Un’altra cosa che voglio dire è che credo non esista nessuno che possa sostenere che Saviano abbia mai pensato di fiancheggiare la mafia; e dunque sono certa che egli sia senza il minimo dubbio animato dalle migliori possibili intenzioni.
Fatte queste due precisazioni che non sono affatto insensate, mi interessa però anche rilevare che immaginare di poter un giorno «sconfiggere» la mafia configura secondo me:
– un’opinione estremamente alta di se stessi (la cosa è assai secondaria, ma non mi sembra illogico sottolinearla);
– un’enorme fiducia nella propria (e tiriamocela, va’) «efficacy»;
– e una sconfinata sicurezza di riuscire ad attivare le alleanze giuste e i circoli virtuosi necessari.
Io non sono un’esperta, però ragionevolmente suppongo che per «sconfiggere» la mafia sia necessario il concorso di tutte le circostanze e le volontà che fino ad ora nessuno è mai stato in grado di sincronizzare neutralizzando le tensioni contrastanti e gli interessi divergenti camuffati da comunanza di vedute.
Quando parlo di «sincronizzazione» penso agli aspetti investigativi, al lavoro degli inquirenti, alla guardia altissima della politica, alla mobilitazione della società in direzione univoca, coordinata e concorde; penso alle questioni economiche che alla mafia sono legate, tanto in termini di reddito prodotto quanto in termini di legami con gli erogatori del credito…
Non credo, onestamente, che il mio elenco sia esaustivo.

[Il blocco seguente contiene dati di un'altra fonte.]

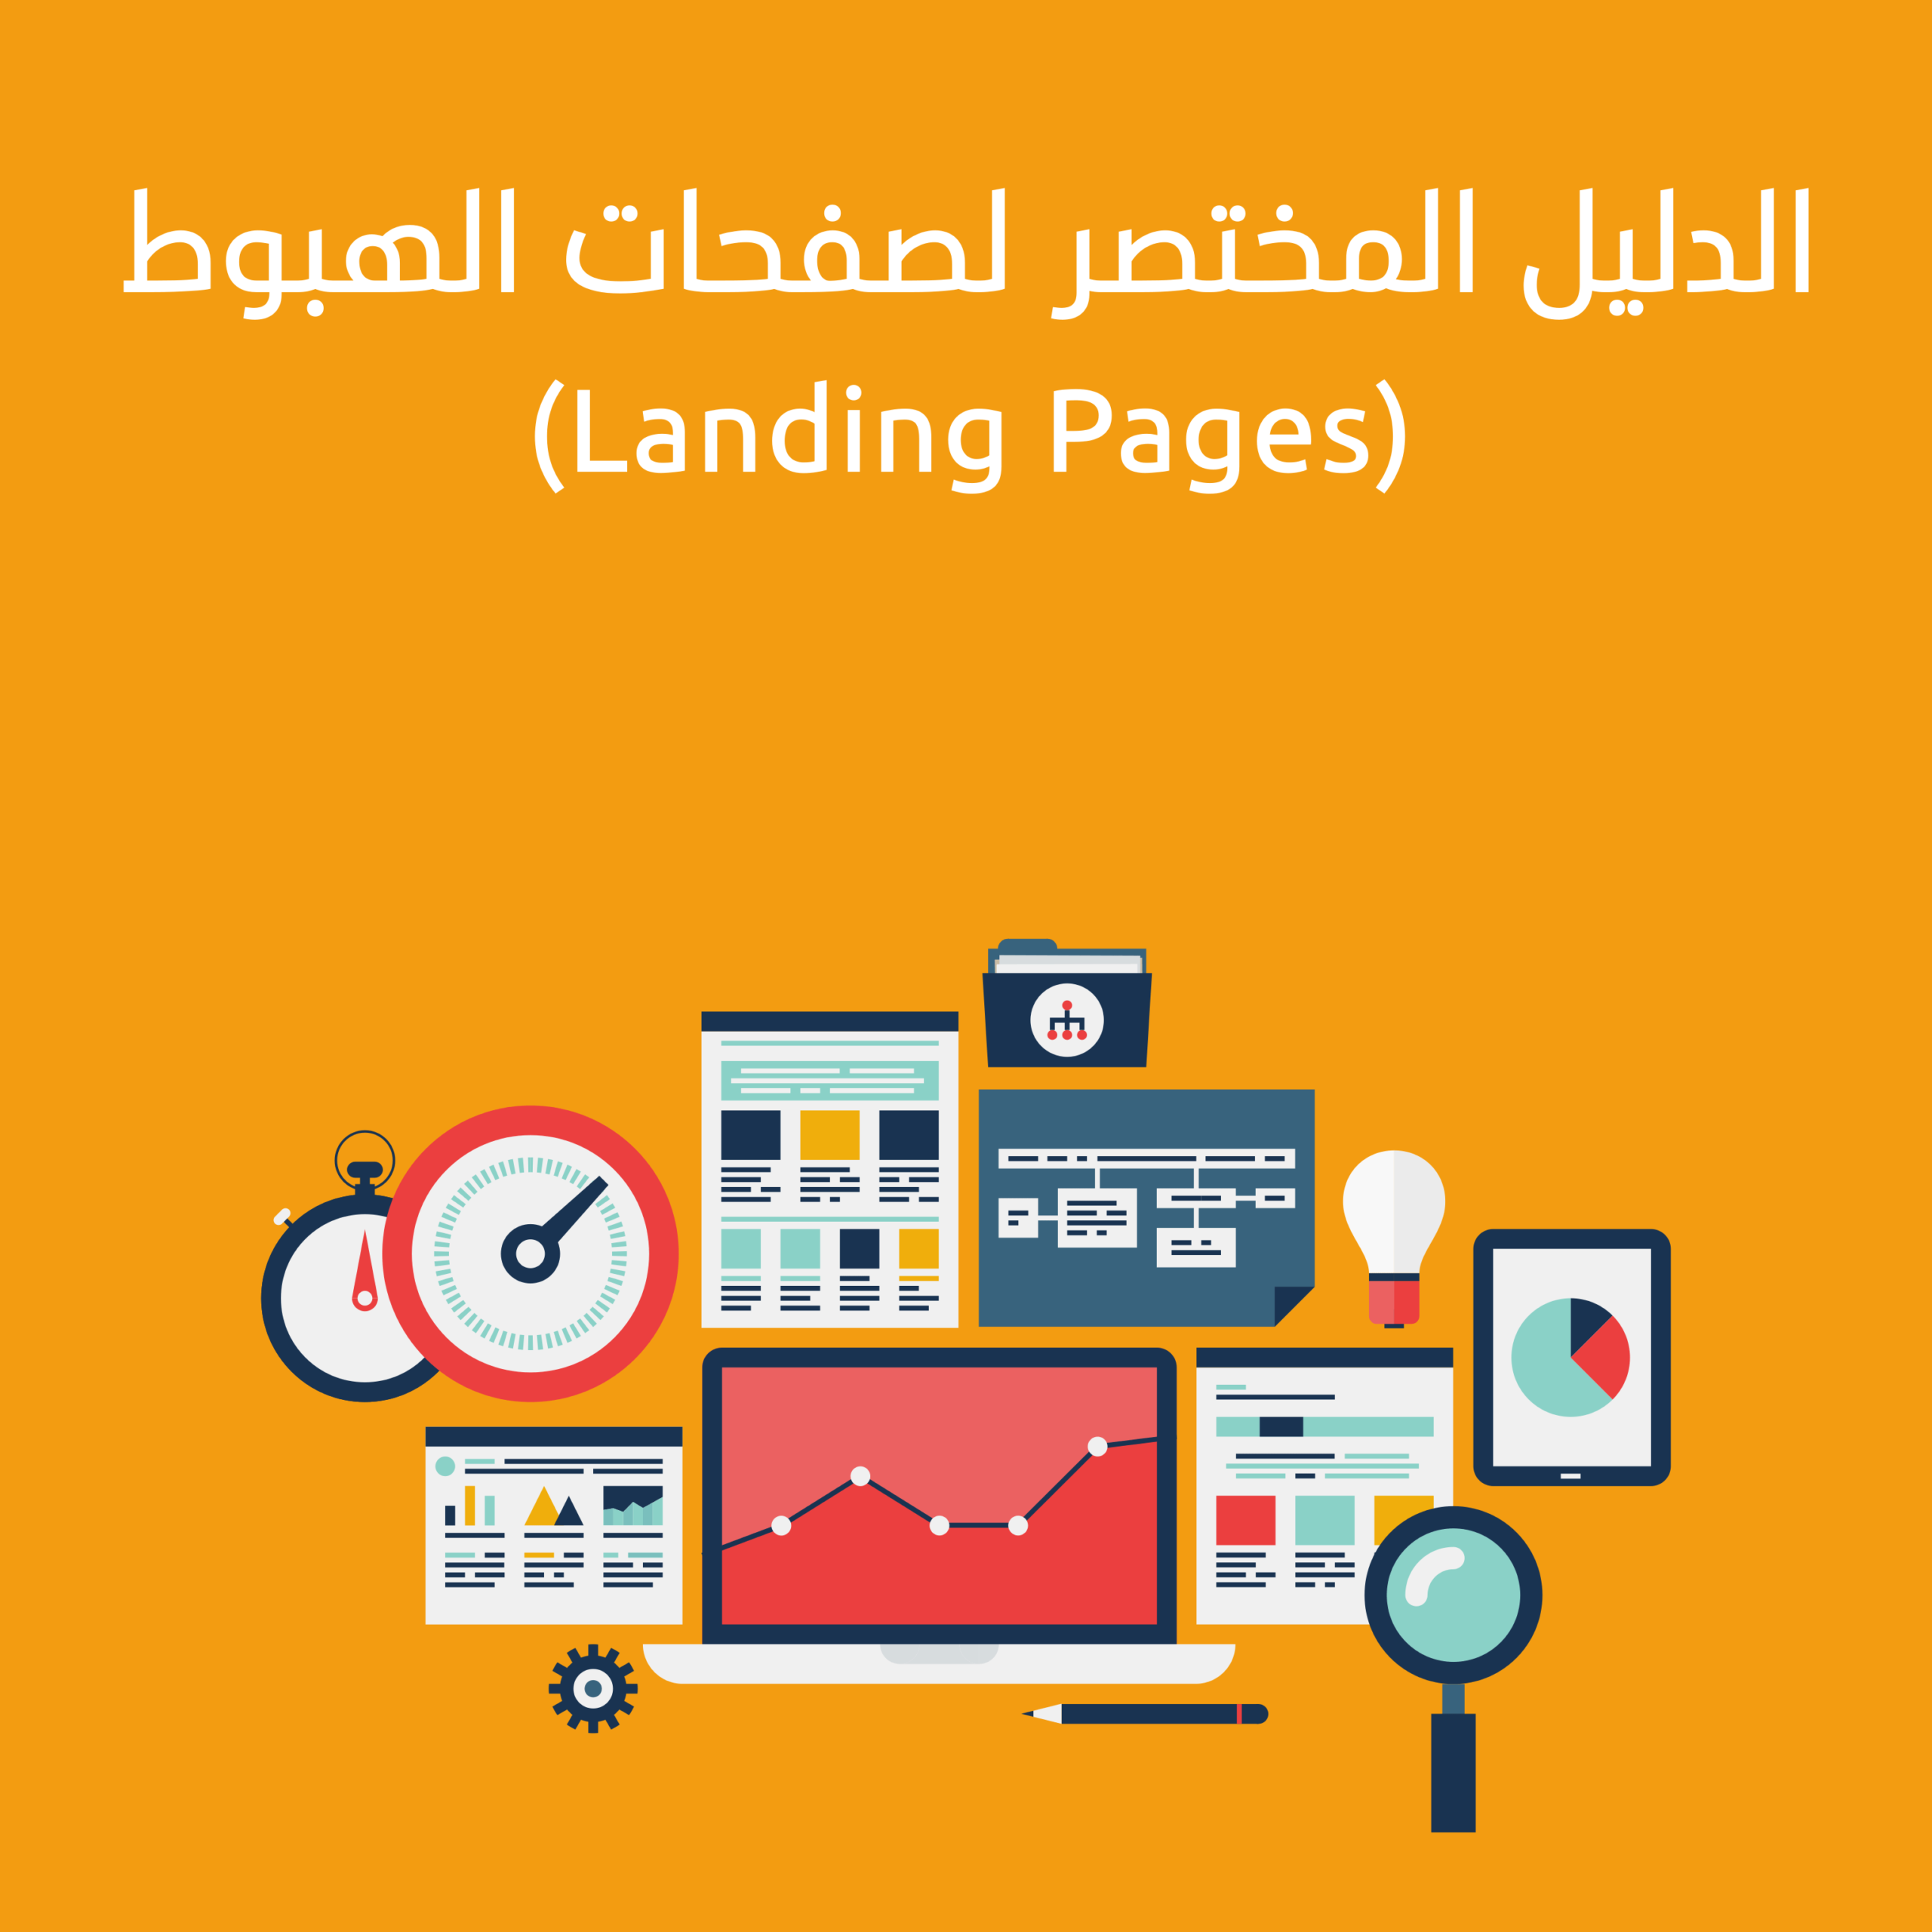 مراجعة الدليل المختصر لصفحات الهبوط Landing Pages
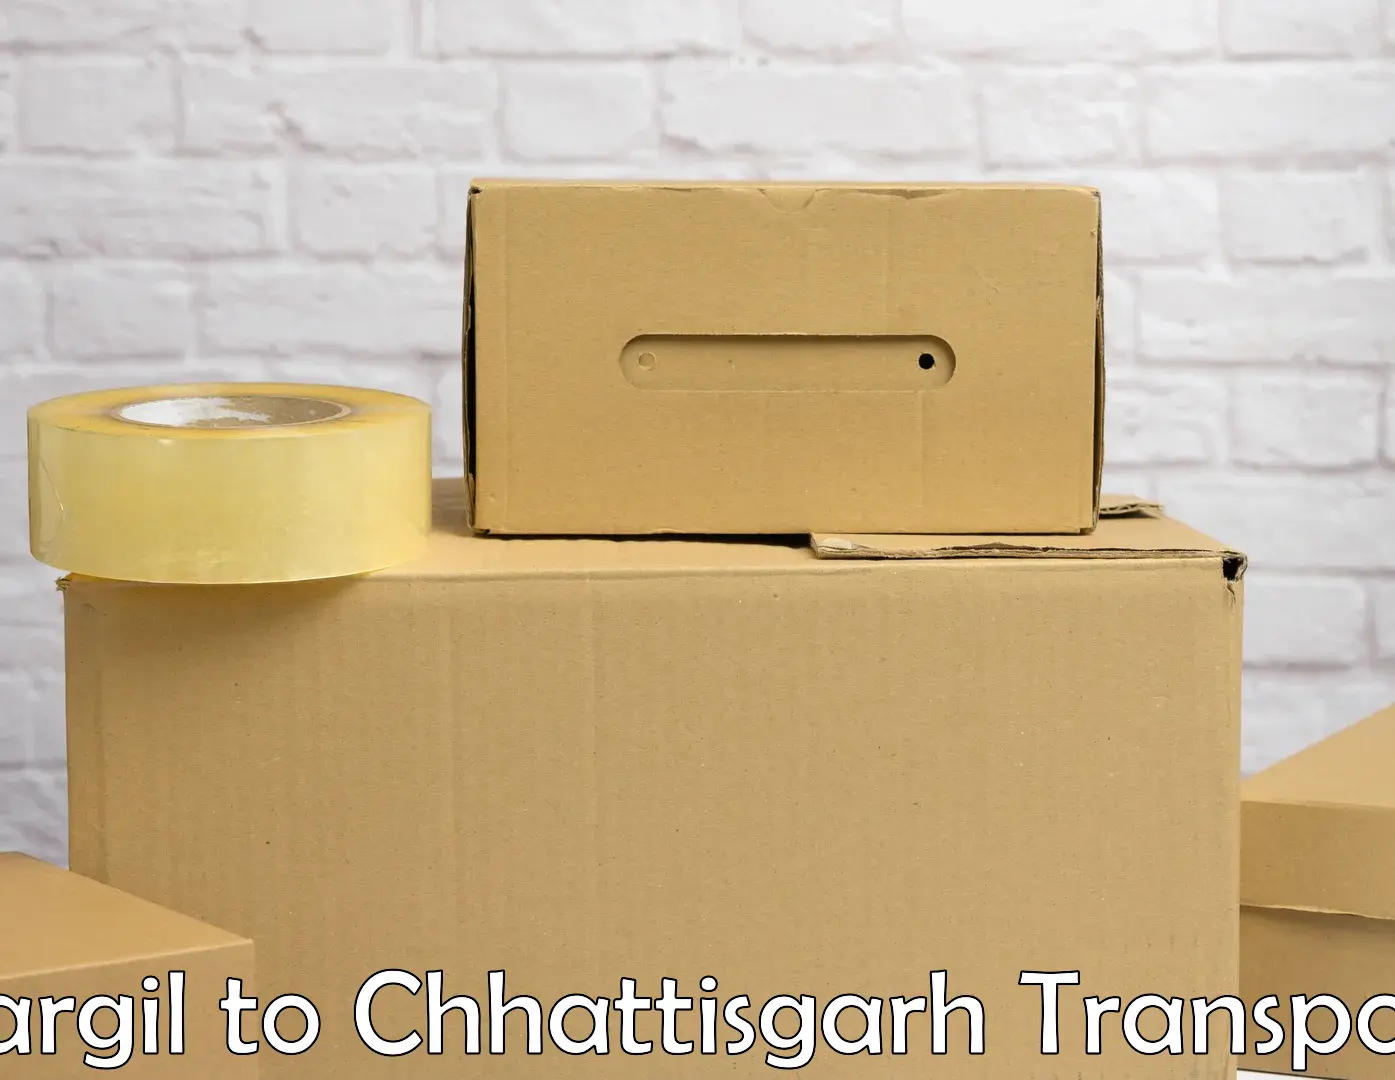 Bike shipping service Kargil to Raigarh Chhattisgarh

E – al di là dei risultati diversi che ciascuno di questi pezzi ha saputo o potuto ottenere – mi vengono anche in mente la Rete, e Falcone, e Borsellino, e dalla Chiesa, e i giudici ragazzini, e i giornalisti, e i commercianti, e gli imprenditori, e i poliziotti, e i carabinieri…
Però.
Con tutto il rispetto per Saviano, e pure per la «parola», e anche per la grande risonanza del suo profetico nome: come può egli sensatamente sostenere di raccontare la mafia (tra l’altro, mi domando se veramente Saviano stia raccontando la mafia) «per sconfiggerla»?
Lo ripeto: non penso affatto e neanche per scherzo che egli la racconti per farla prosperare.
Ma – francamente – sconfiggere la mafia mi sembra un obiettivo fuori dalla portata di Saviano (come di un’infinità di altri).
Sentirselo possibile è con ogni evidenza il frutto di un errore marchiano in almeno uno dei segmenti in cui si è articolata la propria analisi dei fatti.